- WORK ORDER
Write the data out again, character for character, with no images.

- COLLECTED DATA
>>>>

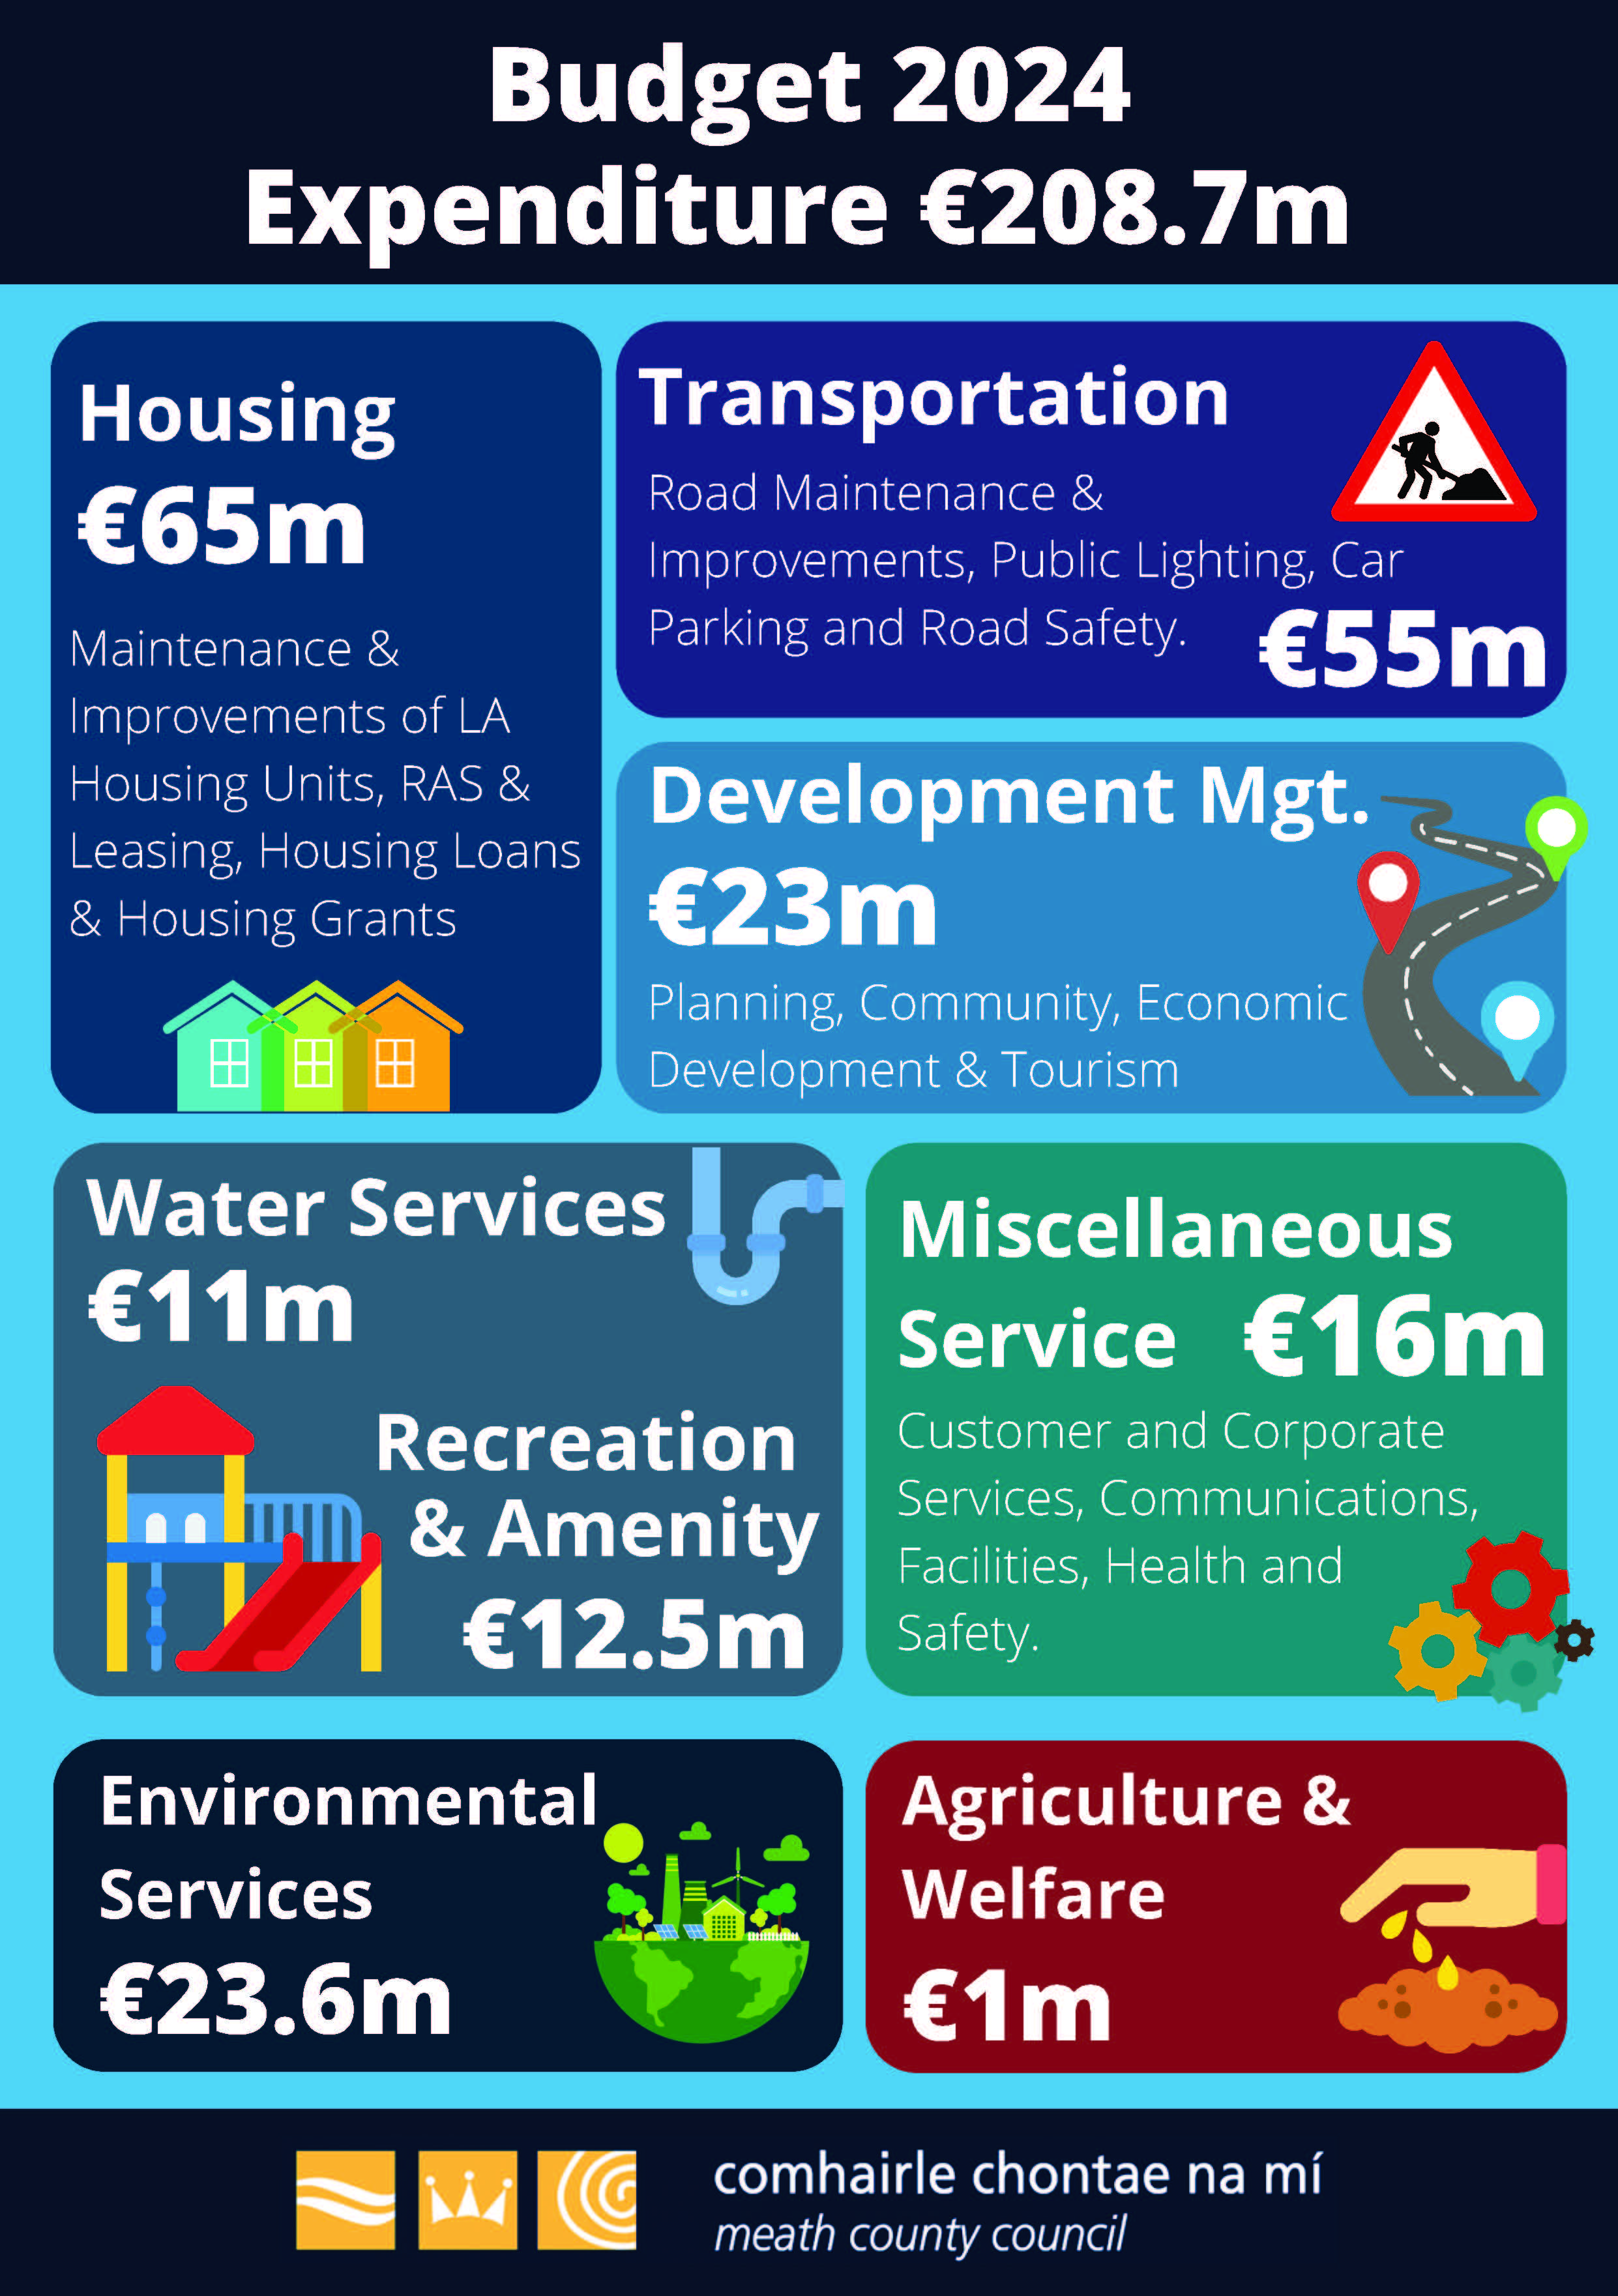 Infographic showing Budget Expenditure for 2024. Total €208.7m Housing €65m, Transport €55m, Development Management €23m, Water Services €11m. Rec reation and Amenity €12.5m, Environmental Science €23.6m, Agriculture and Welfare €1m, Miscellaneous Service (i.e. customer and corporate services, Communications, facilities, health and safety) €16m
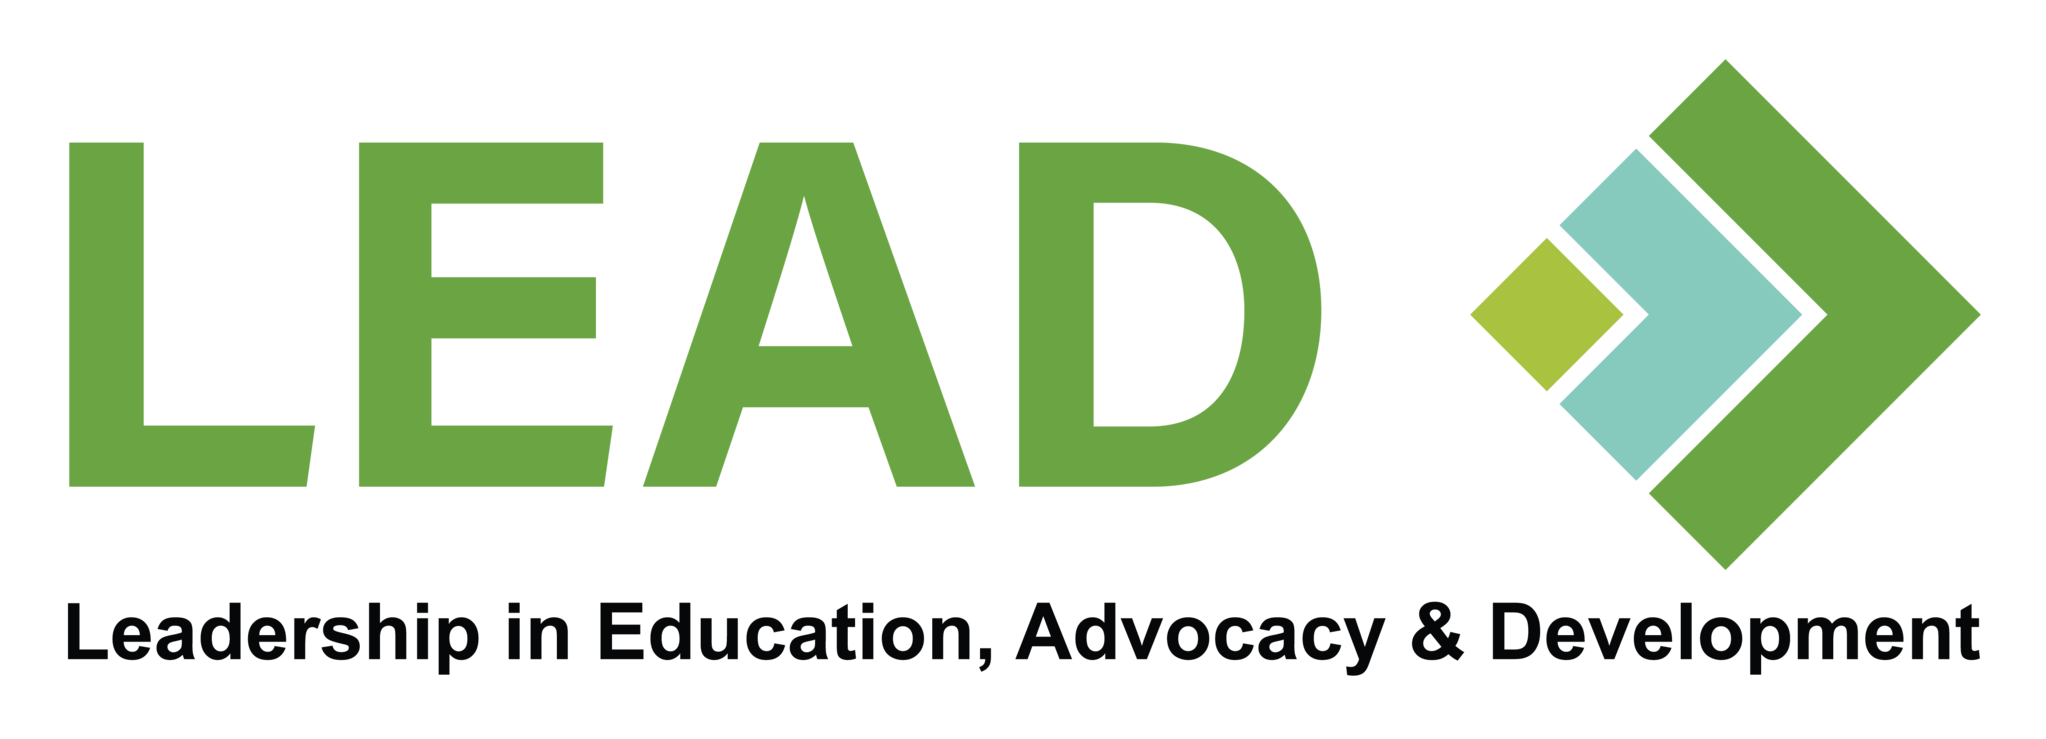 LEAD Leadership in Education, Advocacy and Development
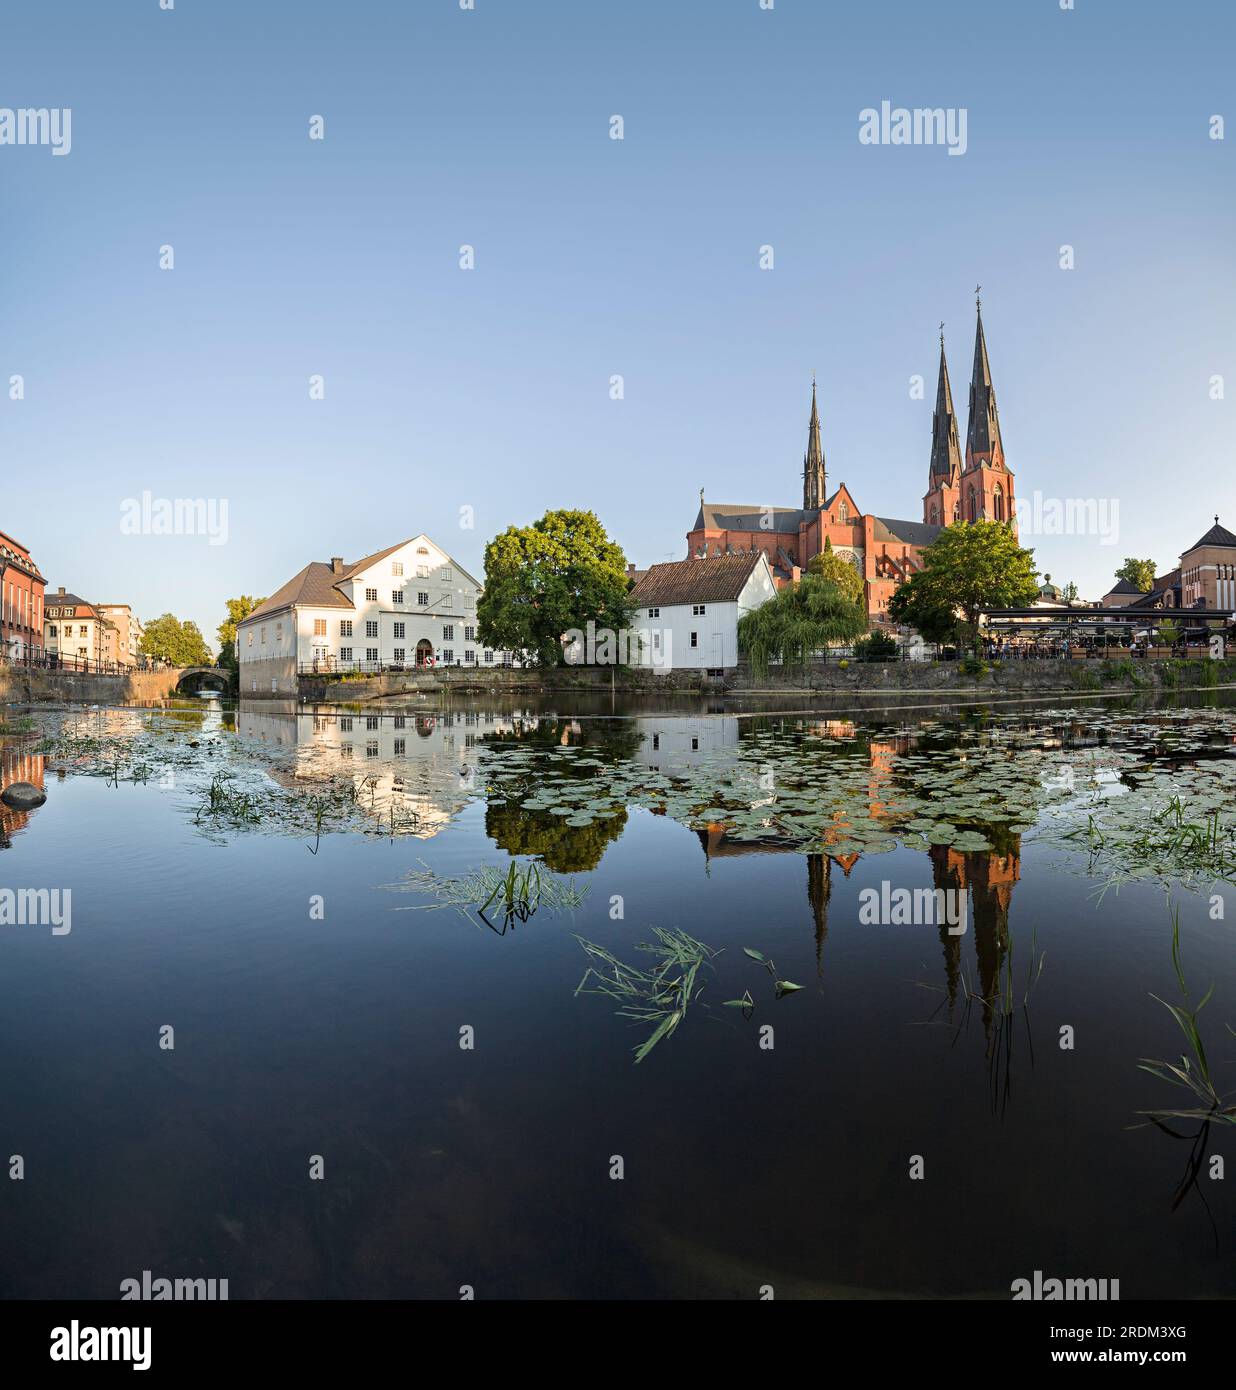 The cathedral and houses reflecting in the water of the Fyris river against sky. Uppsala, Sweden Stock Photo

<<<<

- ANSWER TO THE PROBLEM
 Infographic showing Budget Expenditure for 2024. Total €208.7m Housing €65m, Transport €55m, Development Management €23m, Water Services €11m. Rec reation and Amenity €12.5m, Environmental Science €23.6m, Agriculture and Welfare €1m, Miscellaneous Service (i.e. customer and corporate services, Communications, facilities, health and safety) €16m
 LEAD Leadership in Education, Advocacy and Development
 The cathedral and houses reflecting in the water of the Fyris river against sky. Uppsala, Sweden Stock Photo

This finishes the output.